ガコォンと重々しい音を立てて舟が岸による。
アレンとトマは舟を括りつけると、教団の水路に足をつけた。



「だいぶ遅くなっちゃいましたね〜」



ふぁぁっとあくびをしながらアレンはトマに話しかけた。
今は大の大人でも寝ているような時間。

顔が隠れているので表情は見えないが、トマは小さく苦笑した。



「この嵐で汽車が遅れましたから…」

「もう真夜中だなあ…回収したイノセンスはどうしたらいいのかな」

「科学班の方なら誰か起きてらっしゃると思いますよ」


死にそうになりながらだと思いますけど。


「じゃあ行ってみま「モヤシくん―――!!」

「え゛っ!?」


い、今の声は…まさか……


「ただいま―――!」



ふわりと団服を踊らせて水路に着地した。
さらりとプラチナブロンドをなびかせてレティシアはにっこりと笑う。



「モヤシくんたちと一緒に帰れたわね!」

「レティシア!?なんで!?任務に行ったんじゃ!?」

「それがねぇ聞いて。

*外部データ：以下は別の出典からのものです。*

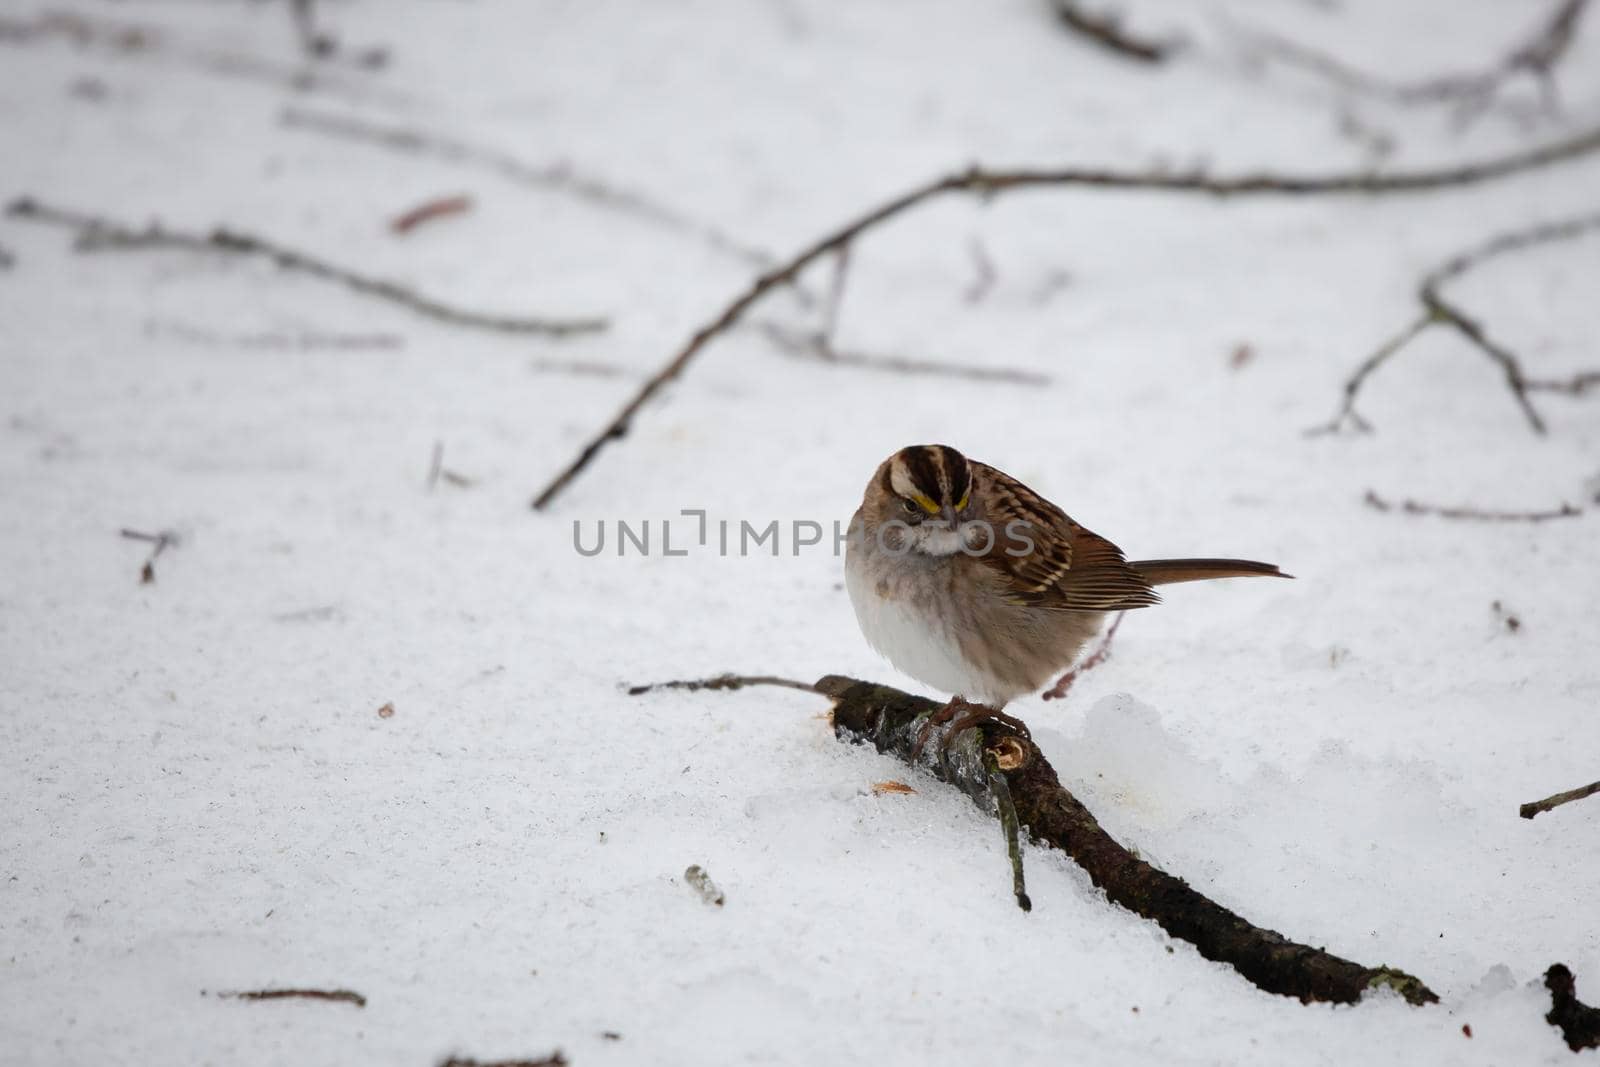 White-throated sparrow (Zonotrichia albicollis) looking around from its perch on an ice-covered fallen tree limb
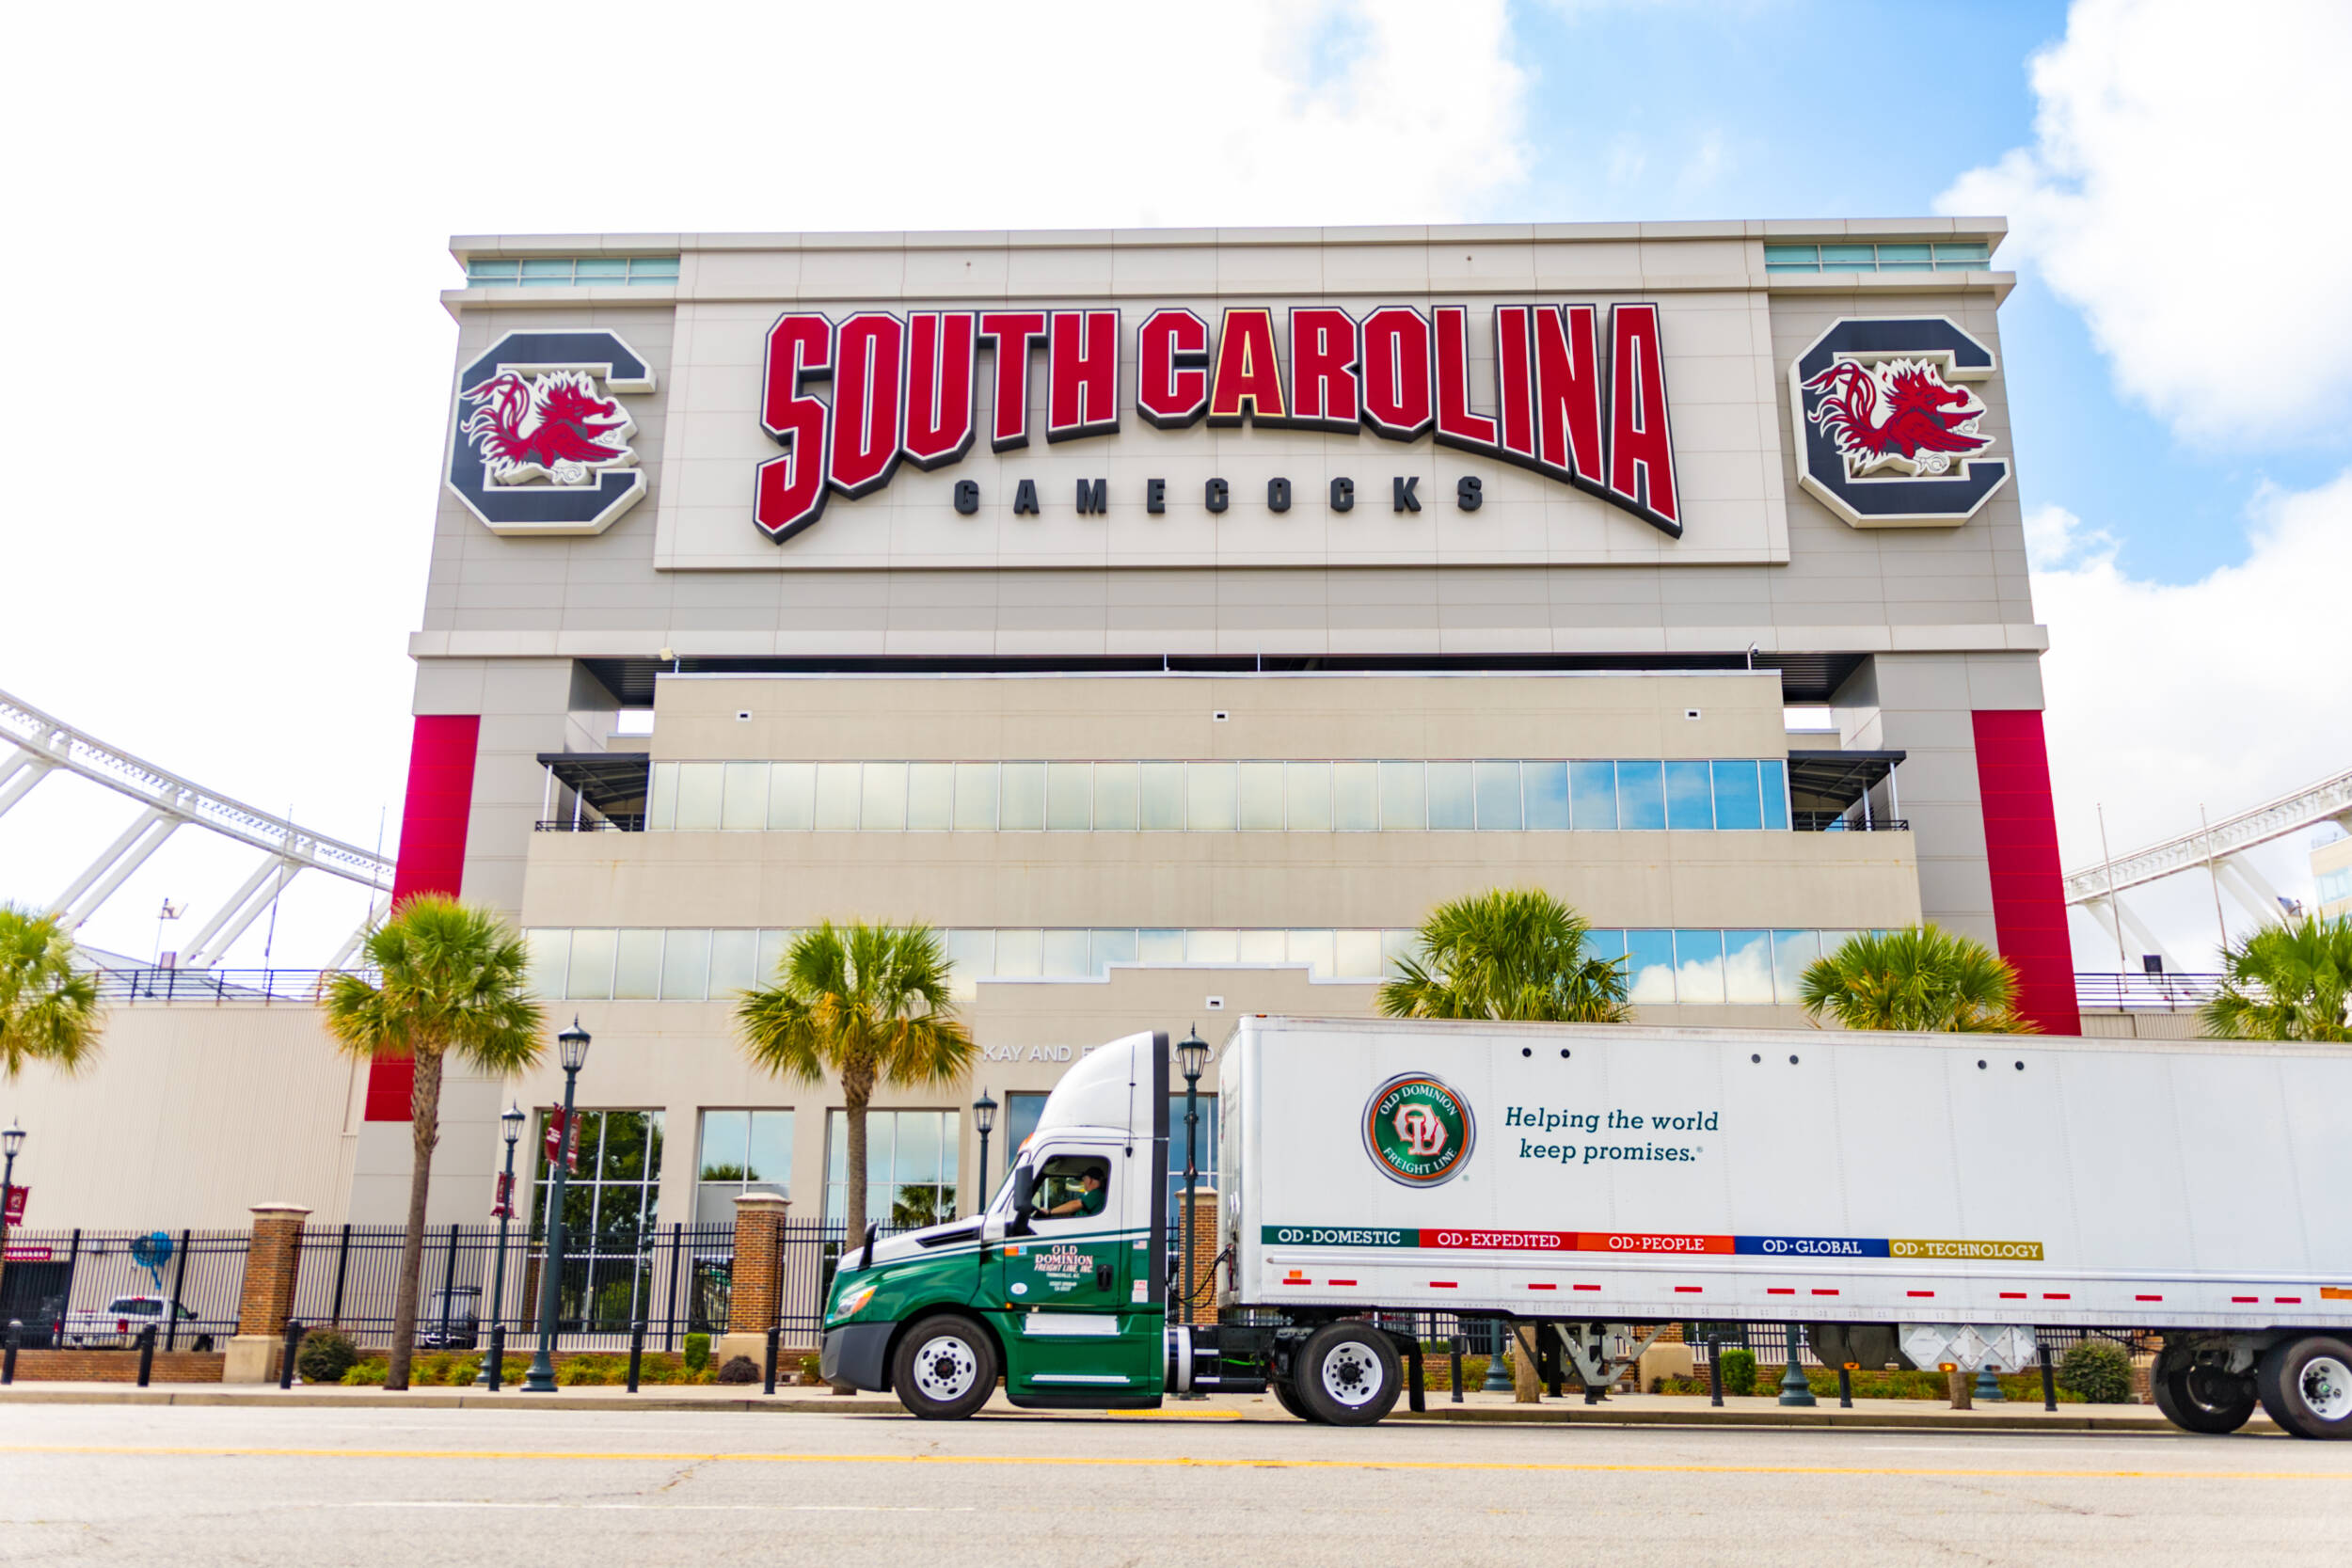 Old Dominion Freight Line Aligns with University of South Carolina as the Official Freight Carrier of South Carolina Athletics

ユウちゃんがどじって任務地を…」

「話を捏造すんじゃねぇよ」

「ゲッ!神田」



顔を盛大に引きつらせるアレンを無視し、神田はレティシアにチョップをくらわせる。
レティシアはあまりの痛さに盛大に顔をしかめた。



「いたっ!痛いわ、ユウちゃん!何するの!?」

「危ねぇだろうが!!モヤシを見た途端舟から飛び出しやがって!!」

「二人してモヤシ、モヤシ言わないでください!」

「何?ユウちゃんジェラシィ?」

「んなワケねぇだろうが!」

「あの、ふたりとも僕の話聞いてます?」


ずぅぅんっと落ち込むアレンをトマが必死で慰めていた。
トマは苦労性です。

そして神田はというと図星だったり。
自分をおいて、アレンを見た瞬間飛び出していったレティシアにアレンを優先されたようで…このへんが、ムカムカした。

(人はそれを嫉妬と呼ぶけど)
(この時の神田はまだ、その感情に気づいてない)



「大丈夫よ!ユウちゃんが心配することはないわ…」

「…人の話聞いてねぇだろ」

「あなたもでしょ…」


アレンがつっこんだが神田は思いっきり無視。


「私はモヤシくんをとったりしないから!
そんなにモヤシくんのことが好きだったのねユウちゃん」

「「なっ!?」」

「てめっ!?どういう思考回路持ってたらそうなんだよ!」

「そっそうですよ!やめてください!」


鳥肌が出てきましたよ!!
というか僕はそんな趣味はありません!!
もし、絶対ないですけどあったと仮定しても神田だけはお断りです!


「こういう思考回路ですけど、何か?」

「その思考回路オレがすっぱり斬って綺麗に洗ってやるよ」

「キャーユウちゃんに殺されるー」

「かなり棒読みですね…」

「あは、やっぱり?」



あははーっと笑いながら階段を上ろうとする。
いつもの鬼ごっこのように神田がその後を追っていこうとするとレティシアが急に足を止めた。